The segmented electrodes 130 may vary in size and shape. In some embodiments, the segmented electrodes 130 are all of the same size, shape, diameter, width or area or any combination thereof. In some embodiments, the segmented electrodes 130 of each circumferential set (or even all segmented electrodes disposed on the lead 100) may be identical in size and shape.
Each set of segmented electrodes 130 may be disposed around the circumference of the lead body 110 to form a substantially cylindrical shape around the lead body 110. The spacing between individual electrodes of a given set of the segmented electrodes may be the same, or different from, the spacing between individual electrodes of another set of segmented electrodes on the lead 100. In at least some embodiments, equal spaces, gaps or cutouts are disposed between each segmented electrode 130 around the circumference of the lead body 110. In other embodiments, the spaces, gaps or cutouts between the segmented electrodes 130 may differ in size or shape. In other embodiments, the spaces, gaps, or cutouts between segmented electrodes 130 may be uniform for a particular set of the segmented electrodes 130, or for all sets of the segmented electrodes 130. The sets of segmented electrodes 130 may be positioned in irregular or regular intervals along a length the lead body 110.
Conductor wires that attach to the ring electrodes 120 or segmented electrodes 130 extend along the lead body 110. These conductor wires may extend through the material of the lead 100 or along one or more lumens defined by the lead 100, or both. The conductor wires couple the electrodes 120, 130 to the terminals 135.
When the lead 100 includes both ring electrodes 120 and segmented electrodes 130, the ring electrodes 120 and the segmented electrodes 130 may be arranged in any suitable configuration. For example, when the lead 100 includes two ring electrodes 120 and two sets of segmented electrodes 130, the ring electrodes 120 can flank the two sets of segmented electrodes 130 (see e.g, FIGS. 1, 3A, and 3E-3H—ring electrodes 320 and segmented electrode 330).
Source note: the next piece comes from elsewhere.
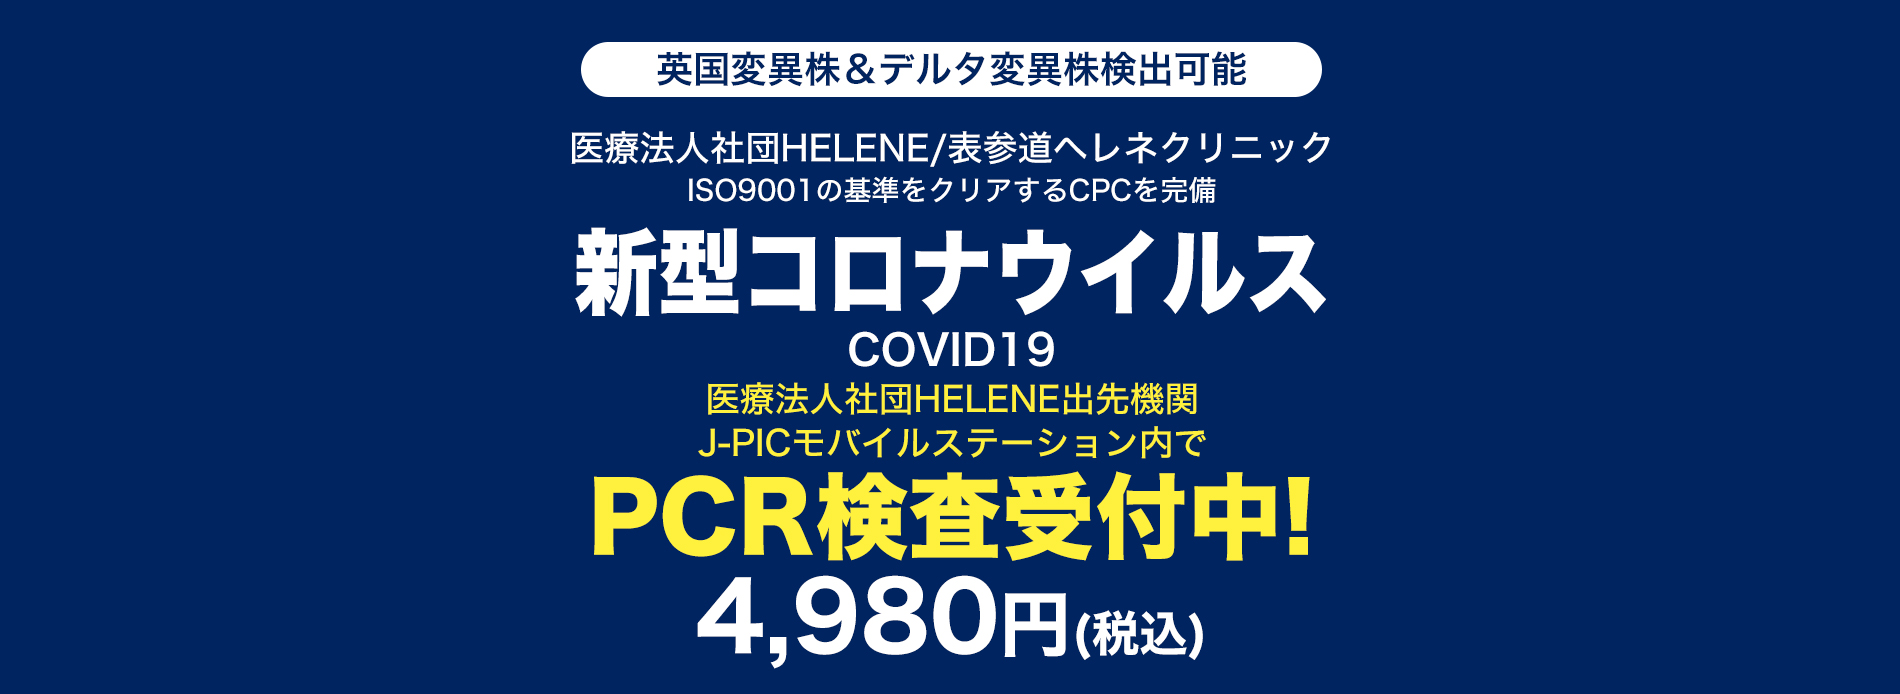 JPICモバイルステーションのPCR検査受付店舗一覧

Alternately, the two sets of ring electrodes 120 can be disposed proximal to the two sets of segmented electrodes 130 (see e.g., FIG. 3C—ring electrodes 320 and segmented electrode 330), or the two sets of ring electrodes 120 can be disposed distal to the two sets of segmented electrodes 130 (see e.g., FIG. 3D—ring electrodes 320 and segmented electrode 330). One of the ring electrodes can be a tip electrode (see, tip electrode 320 a of FIGS. 3E and 3G). It will be understood that other configurations are possible as well (e.g., alternating ring and segmented electrodes, or the like).
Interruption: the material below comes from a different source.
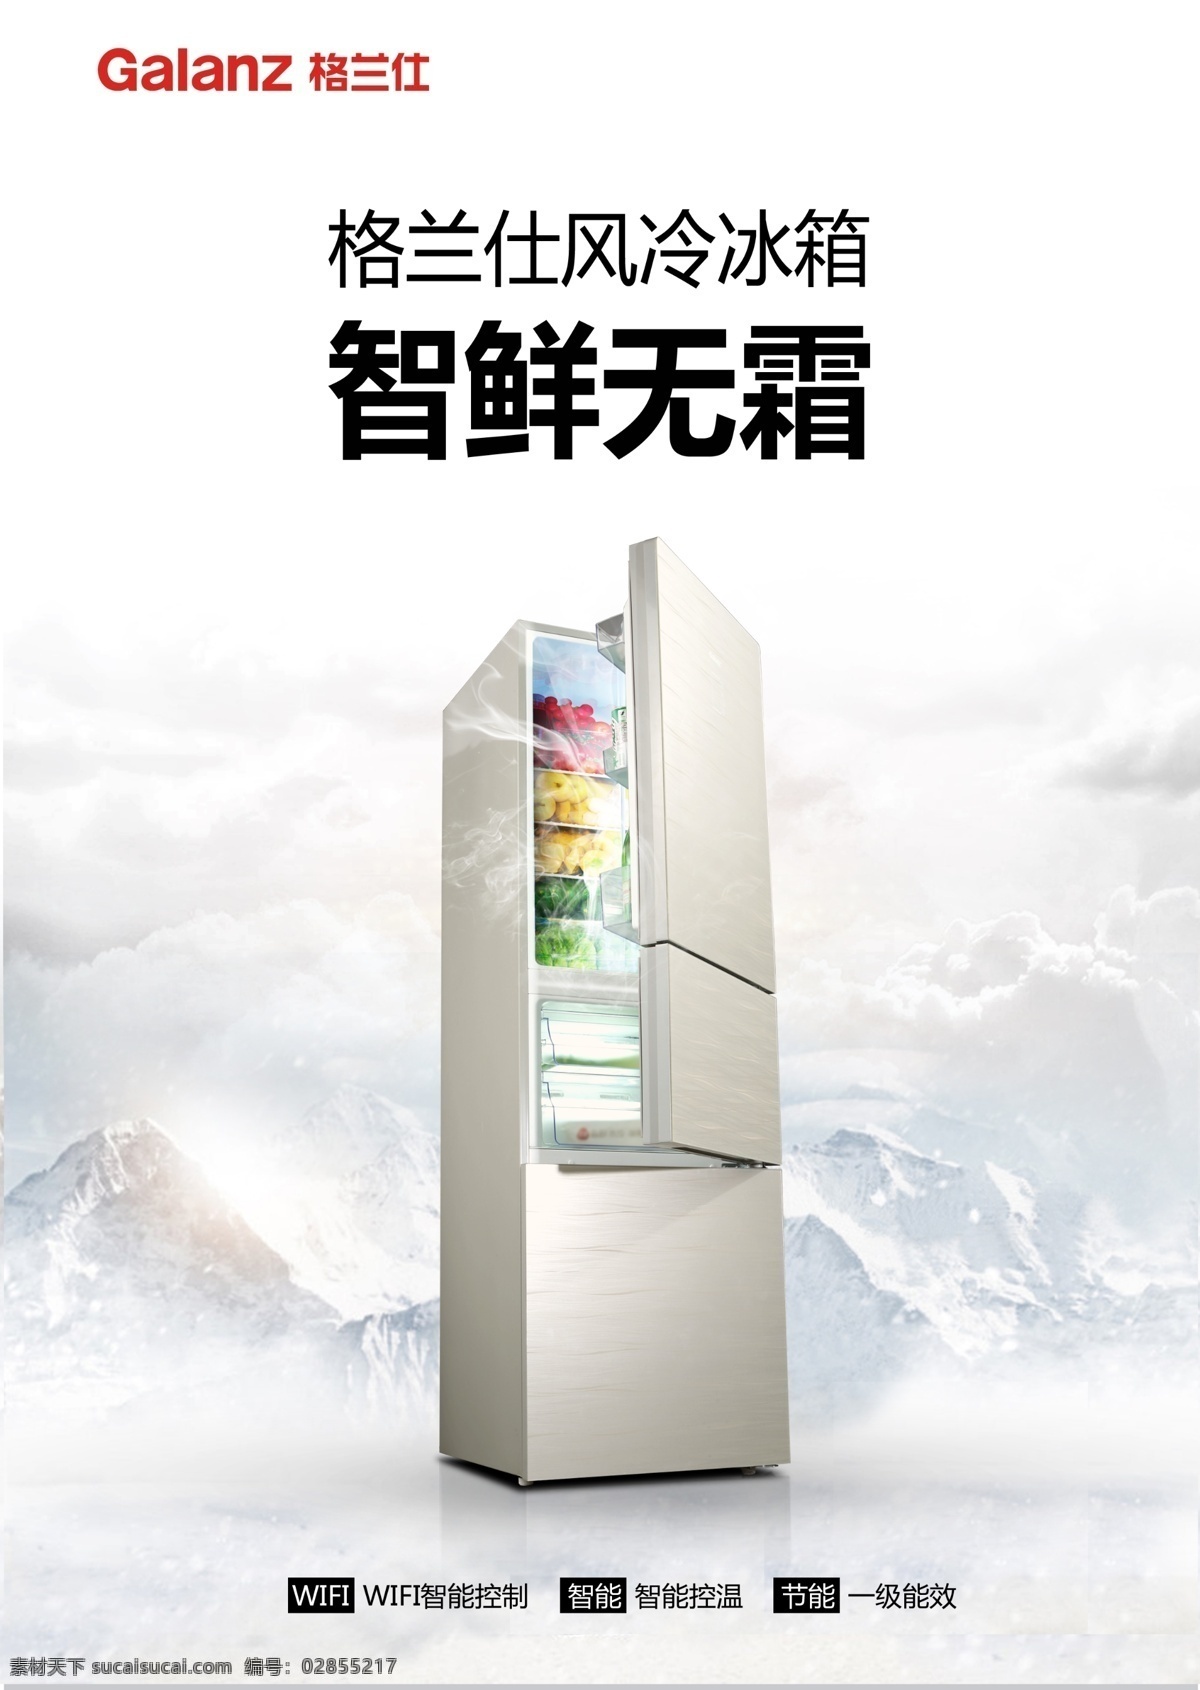 冰箱杂志海报 冰箱杂志 冰箱海报 冰箱 杂志 海报 风冷 变频 智能 wifi 烟雾 水果 三门 白色

By varying the location of the segmented electrodes 130, different coverage of the target neurons may be selected. For example, the electrode arrangement of FIG. 3C may be useful if the physician anticipates that the neural target will be closer to a distal tip of the lead body 110, while the electrode arrangement of FIG. 3D may be useful if the physician anticipates that the neural target will be closer to a proximal end of the lead body 110.
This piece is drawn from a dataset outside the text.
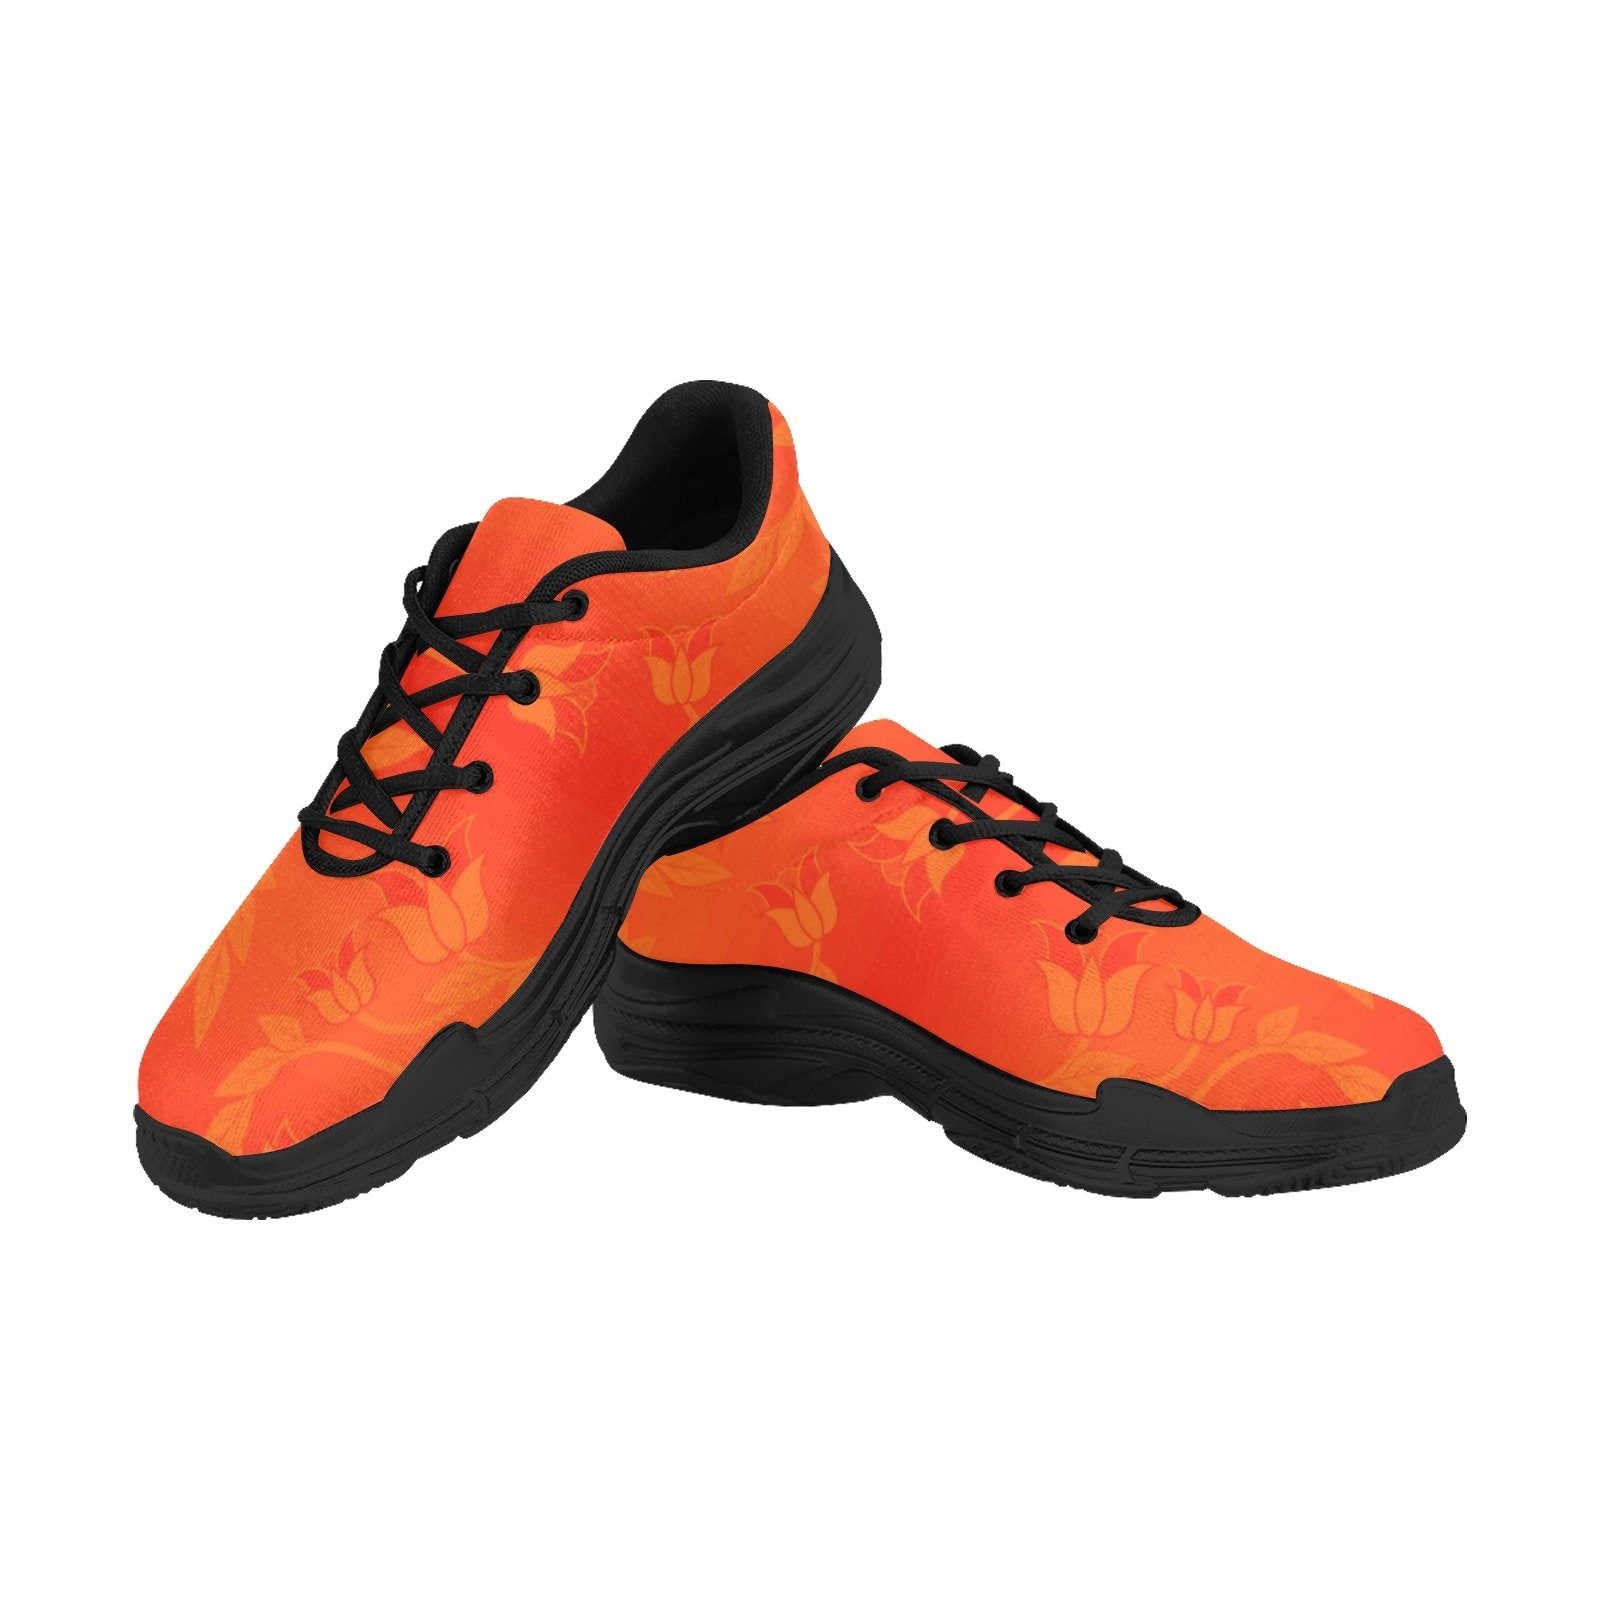 Orange Days Orange Chunky Men's Running Shoes Artsadd US5 Black Sole

Any combination of ring electrodes 120 and segmented electrodes 130 may be disposed on the lead 100. For example, the lead may include a first ring electrode 120, two sets of segmented electrodes; each set formed of four segmented electrodes 130, and a final ring electrode 120 at the end of the lead. This configuration may simply be referred to as a 1-4-4-1 configuration (FIGS. 3A and 3E—ring electrodes 320 and segmented electrode 330). It may be useful to refer to the electrodes with this shorthand notation. Thus, the embodiment of FIG. 3C may be referred to as a 1-1-4-4 configuration, while the embodiment of FIG. 3D may be referred to as a 4-4-1-1 configuration. The embodiments of FIGS. 3F, 3G, and 3H can be referred to as a 1-3-3-1 configuration. Other electrode configurations include, for example, a 2-2-2-2 configuration, where four sets of segmented electrodes are disposed on the lead, and a 4-4 configuration, where two sets of segmented electrodes, each having four segmented electrodes 130 are disposed on the lead. The 1-3-3-1 electrode configuration of FIGS. 3F, 3G, and 3H has two sets of segmented electrodes, each set containing three electrodes disposed around the circumference of the lead, flanked by two ring electrodes (FIGS. 3F and 3H) or a ring electrode and a tip electrode (FIG. 3G). In some embodiments, the lead includes 16 electrodes. Possible configurations for a 16-electrode lead include, but are not limited to 4-4-4-4; 8-8; 3-3-3-3-3-1 (and all rearrangements of this configuration); and 2-2-2-2-2-2-2-2.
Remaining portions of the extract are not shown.